Given records:
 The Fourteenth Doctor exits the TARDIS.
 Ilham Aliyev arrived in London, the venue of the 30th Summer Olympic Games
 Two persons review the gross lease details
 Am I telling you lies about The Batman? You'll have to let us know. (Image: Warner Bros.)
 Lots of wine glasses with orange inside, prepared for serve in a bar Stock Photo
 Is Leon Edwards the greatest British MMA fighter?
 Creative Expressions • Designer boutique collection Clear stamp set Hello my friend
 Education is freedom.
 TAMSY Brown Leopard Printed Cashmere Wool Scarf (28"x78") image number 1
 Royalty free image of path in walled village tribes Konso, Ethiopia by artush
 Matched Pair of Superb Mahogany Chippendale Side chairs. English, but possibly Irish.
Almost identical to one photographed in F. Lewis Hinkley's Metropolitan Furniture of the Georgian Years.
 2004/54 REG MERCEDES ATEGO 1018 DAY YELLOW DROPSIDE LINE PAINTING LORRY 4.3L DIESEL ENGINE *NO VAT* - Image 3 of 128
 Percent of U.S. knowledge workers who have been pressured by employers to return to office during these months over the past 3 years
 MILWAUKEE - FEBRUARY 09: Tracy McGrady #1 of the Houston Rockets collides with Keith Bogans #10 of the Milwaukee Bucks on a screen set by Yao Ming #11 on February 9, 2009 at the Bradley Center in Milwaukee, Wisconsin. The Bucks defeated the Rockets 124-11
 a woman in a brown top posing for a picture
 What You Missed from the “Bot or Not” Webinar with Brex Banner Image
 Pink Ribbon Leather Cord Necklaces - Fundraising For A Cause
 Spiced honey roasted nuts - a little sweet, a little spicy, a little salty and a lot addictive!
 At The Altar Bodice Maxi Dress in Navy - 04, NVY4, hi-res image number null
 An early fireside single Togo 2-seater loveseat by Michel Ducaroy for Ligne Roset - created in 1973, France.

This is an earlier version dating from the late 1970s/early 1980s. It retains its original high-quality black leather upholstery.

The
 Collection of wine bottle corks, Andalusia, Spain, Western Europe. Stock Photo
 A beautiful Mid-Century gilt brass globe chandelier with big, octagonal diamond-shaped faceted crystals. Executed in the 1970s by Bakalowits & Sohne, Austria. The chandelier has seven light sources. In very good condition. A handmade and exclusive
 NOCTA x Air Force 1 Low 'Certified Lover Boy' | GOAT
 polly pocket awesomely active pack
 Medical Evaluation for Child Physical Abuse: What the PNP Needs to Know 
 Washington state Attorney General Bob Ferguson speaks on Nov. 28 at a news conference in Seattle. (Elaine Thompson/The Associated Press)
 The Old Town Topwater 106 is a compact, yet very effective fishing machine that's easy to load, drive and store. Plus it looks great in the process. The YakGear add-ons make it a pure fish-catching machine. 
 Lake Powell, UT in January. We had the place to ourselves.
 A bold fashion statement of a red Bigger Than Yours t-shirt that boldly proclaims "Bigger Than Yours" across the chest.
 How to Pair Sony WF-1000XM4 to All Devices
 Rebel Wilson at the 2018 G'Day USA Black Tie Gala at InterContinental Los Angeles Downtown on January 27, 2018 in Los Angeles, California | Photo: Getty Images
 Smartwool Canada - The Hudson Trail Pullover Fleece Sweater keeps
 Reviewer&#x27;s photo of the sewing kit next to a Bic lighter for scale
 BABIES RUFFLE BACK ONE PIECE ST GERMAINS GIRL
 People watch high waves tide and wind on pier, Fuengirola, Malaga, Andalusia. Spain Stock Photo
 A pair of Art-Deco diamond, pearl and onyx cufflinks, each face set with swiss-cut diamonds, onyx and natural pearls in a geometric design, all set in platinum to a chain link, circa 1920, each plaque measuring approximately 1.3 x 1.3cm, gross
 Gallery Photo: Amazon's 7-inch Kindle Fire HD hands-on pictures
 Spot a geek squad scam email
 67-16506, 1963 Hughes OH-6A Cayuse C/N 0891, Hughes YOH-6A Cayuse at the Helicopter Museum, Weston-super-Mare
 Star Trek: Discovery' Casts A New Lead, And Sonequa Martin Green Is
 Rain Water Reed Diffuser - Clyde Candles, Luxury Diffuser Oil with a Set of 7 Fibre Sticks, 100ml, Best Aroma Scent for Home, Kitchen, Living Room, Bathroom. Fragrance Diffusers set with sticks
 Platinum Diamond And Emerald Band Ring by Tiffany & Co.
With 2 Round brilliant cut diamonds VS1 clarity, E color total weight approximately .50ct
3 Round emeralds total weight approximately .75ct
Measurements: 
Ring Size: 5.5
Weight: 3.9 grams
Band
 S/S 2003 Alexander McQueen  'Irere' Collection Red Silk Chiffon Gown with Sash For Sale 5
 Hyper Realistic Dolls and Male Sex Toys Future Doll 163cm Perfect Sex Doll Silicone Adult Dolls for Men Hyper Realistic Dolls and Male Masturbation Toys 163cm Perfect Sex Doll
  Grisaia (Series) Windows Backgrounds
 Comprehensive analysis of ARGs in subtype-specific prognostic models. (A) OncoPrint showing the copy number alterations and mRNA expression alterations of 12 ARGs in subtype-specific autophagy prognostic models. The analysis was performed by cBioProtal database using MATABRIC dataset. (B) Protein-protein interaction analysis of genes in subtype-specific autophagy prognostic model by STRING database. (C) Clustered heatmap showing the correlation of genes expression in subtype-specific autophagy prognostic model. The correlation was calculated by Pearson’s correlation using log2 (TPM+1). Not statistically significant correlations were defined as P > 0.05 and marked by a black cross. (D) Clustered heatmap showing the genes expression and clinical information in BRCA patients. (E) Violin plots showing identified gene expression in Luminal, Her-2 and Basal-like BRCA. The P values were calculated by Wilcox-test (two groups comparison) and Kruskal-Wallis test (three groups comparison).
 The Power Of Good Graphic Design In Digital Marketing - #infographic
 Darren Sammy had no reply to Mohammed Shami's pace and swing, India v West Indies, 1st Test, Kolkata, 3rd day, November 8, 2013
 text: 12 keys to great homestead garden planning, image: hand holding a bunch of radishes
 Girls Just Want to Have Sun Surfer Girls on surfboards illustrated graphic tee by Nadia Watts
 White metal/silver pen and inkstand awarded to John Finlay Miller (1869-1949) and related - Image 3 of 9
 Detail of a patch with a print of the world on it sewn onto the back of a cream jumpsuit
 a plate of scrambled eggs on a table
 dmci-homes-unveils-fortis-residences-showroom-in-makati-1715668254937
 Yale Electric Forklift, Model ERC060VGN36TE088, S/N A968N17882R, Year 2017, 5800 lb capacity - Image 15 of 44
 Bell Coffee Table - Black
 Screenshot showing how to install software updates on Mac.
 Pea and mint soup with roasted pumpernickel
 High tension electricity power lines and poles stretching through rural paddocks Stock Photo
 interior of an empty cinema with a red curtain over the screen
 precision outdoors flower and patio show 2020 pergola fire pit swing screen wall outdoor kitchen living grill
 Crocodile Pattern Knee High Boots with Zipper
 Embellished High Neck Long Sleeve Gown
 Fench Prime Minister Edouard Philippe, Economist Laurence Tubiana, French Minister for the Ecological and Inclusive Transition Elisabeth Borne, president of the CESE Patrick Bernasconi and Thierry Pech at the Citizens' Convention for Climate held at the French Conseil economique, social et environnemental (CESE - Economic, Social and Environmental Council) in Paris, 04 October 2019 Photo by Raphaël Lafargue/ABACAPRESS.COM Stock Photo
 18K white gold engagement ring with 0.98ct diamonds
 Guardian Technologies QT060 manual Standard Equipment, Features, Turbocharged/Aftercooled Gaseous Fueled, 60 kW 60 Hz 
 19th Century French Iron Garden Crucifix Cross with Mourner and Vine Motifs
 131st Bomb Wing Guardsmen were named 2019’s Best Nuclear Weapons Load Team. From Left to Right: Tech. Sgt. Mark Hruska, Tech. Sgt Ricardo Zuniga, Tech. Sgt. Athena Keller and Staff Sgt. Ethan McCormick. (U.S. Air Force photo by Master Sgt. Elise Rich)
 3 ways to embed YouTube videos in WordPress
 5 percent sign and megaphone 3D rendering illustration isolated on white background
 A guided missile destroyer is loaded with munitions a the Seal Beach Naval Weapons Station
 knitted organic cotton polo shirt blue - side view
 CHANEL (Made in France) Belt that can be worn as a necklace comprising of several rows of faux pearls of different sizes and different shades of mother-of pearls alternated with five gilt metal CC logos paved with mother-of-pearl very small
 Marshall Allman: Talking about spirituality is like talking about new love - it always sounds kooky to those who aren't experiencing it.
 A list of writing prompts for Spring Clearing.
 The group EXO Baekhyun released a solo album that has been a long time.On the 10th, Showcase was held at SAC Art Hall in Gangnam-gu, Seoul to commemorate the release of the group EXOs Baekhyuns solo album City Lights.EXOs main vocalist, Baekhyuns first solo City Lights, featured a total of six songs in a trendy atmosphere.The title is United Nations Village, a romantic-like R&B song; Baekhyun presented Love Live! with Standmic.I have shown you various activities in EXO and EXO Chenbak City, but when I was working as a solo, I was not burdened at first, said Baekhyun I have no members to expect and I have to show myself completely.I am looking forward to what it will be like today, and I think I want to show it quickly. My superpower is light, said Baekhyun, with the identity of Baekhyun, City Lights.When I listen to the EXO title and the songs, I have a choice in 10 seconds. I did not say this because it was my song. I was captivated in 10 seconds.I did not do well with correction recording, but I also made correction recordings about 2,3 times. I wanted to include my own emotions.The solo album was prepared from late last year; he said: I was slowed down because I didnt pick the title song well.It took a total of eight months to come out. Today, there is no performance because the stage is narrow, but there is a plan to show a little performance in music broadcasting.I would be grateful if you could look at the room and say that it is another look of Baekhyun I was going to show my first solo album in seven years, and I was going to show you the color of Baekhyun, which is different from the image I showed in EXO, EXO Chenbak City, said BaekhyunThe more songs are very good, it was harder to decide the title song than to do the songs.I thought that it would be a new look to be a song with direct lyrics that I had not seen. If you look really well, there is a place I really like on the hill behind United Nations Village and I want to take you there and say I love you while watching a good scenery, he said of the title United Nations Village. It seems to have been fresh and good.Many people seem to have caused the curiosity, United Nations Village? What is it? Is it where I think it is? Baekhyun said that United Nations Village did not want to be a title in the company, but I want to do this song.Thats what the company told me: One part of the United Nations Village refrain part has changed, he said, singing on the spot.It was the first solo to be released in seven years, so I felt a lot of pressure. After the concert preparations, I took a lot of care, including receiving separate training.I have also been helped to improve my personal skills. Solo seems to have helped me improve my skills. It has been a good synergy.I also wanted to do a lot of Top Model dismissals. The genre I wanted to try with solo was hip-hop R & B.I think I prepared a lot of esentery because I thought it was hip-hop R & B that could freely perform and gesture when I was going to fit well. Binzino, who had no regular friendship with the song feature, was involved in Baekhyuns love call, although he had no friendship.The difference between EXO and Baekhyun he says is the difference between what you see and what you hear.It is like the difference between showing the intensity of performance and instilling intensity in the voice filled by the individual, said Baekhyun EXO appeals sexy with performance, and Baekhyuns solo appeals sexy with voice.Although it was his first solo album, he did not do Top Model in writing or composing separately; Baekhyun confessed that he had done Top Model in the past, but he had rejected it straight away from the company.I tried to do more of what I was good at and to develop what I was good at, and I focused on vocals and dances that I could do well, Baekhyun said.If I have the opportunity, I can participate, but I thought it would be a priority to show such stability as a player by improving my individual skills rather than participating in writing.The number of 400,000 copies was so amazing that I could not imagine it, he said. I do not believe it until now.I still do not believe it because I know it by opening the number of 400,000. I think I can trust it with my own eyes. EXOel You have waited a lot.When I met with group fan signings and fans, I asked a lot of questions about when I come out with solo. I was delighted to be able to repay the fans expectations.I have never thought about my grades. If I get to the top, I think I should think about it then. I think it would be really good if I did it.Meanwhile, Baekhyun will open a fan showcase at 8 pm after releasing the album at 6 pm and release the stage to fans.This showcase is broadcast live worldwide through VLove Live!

Exercise: Repeat exactly the lines of the listing above, from the one with "3 Round emeralds" down to the one with "Grisaia (Series) Windows Backgrounds"; both of those lines belong in the range.

Exercise solution:
3 Round emeralds total weight approximately .75ct
Measurements: 
Ring Size: 5.5
Weight: 3.9 grams
Band
 S/S 2003 Alexander McQueen  'Irere' Collection Red Silk Chiffon Gown with Sash For Sale 5
 Hyper Realistic Dolls and Male Sex Toys Future Doll 163cm Perfect Sex Doll Silicone Adult Dolls for Men Hyper Realistic Dolls and Male Masturbation Toys 163cm Perfect Sex Doll
  Grisaia (Series) Windows Backgrounds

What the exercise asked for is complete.